Shortly before lunch he stood like a lump outside my office. His skin was pale like rising bread dough, and his Toppy's cut was dripping sweat,
leaving little damp marks on the oyster-gray-with-plum highlights of the Microsoft carpeting. He handed me a printout of Bill's memo and then gallumphed into his office, where he's been burrowed ever since.
He won't answer his phone, respond to e-mail, or open his door. On his doorknob he placed a "Do Not Disturb" thingy stolen from the Boston Radisson during last year's Macworld Expo. Todd and I walked out onto the side lawn to try to peek in his window, but his Venetian blinds were closed and a gardener with a leaf blower chased us away with a spray of grass clippings.
They mow the lawn every ten minutes at Microsoft. It looks like green Lego pads.

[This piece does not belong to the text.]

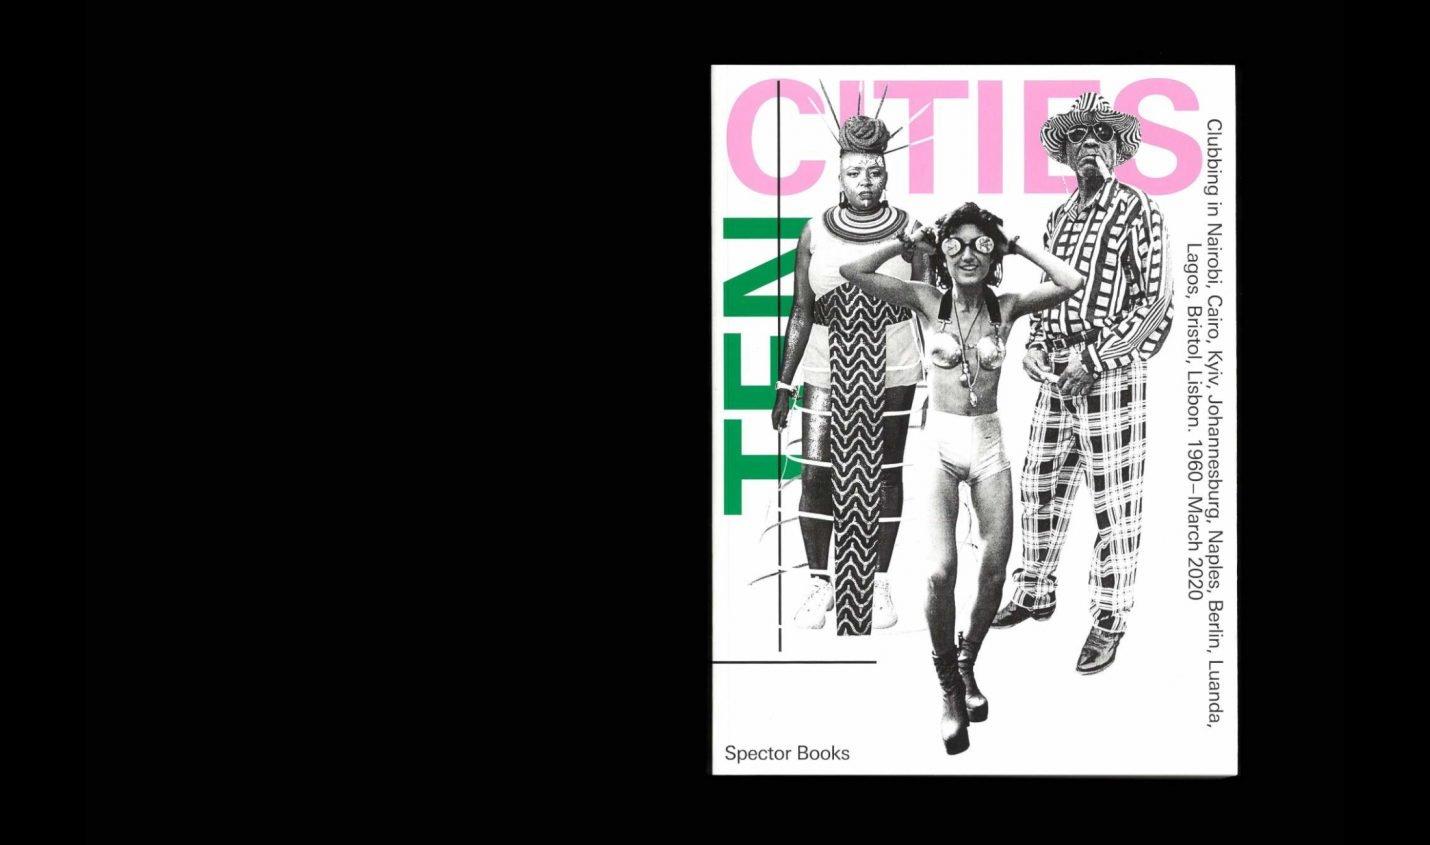 Ten Cities: Buch über Clubgeschichte in Afrika & Europa

Finally, at about 2:30 a.m., Todd and I got concerned about Michael's not eating, so we drove to the 24-hour Safeway in Bellevue. We went shopping for "flat" foods to slip underneath Michael's door.
The Safeway was completely empty save for us and a few other Microsoft people just like us - hair-trigger geeks in pursuit of just the right snack. Because of all the rich nerds living around here, Redmond and Bellevue are very "on-demand" neighborhoods. Nerds get what they want when they want it, and they go psycho if it's not immediately available. Nerds overfocus. I guess that's the problem. But it's precisely this ability to narrow-focus that makes them so good at code writing: one line at a time, one line in a strand of millions.
When we returned to Building Seven at 3:00 a.m., there were still a few people grinding away. Our group is scheduled to ship product (RTM: Release to Manufacturing) in just eleven days (Top Secret: We'll never make it).
Michael's office lights were on, but once again, when we knocked, he wouldn't answer his door. We heard his keyboard chatter, so we figured he was still alive. The situation really begged a discussion of Turing logic - could we have discerned that the entity behind the door was indeed even human? We slid Kraft singles, Premium Plus crackers, Pop-Tarts, grape leather, and Freezie-Pops in to him.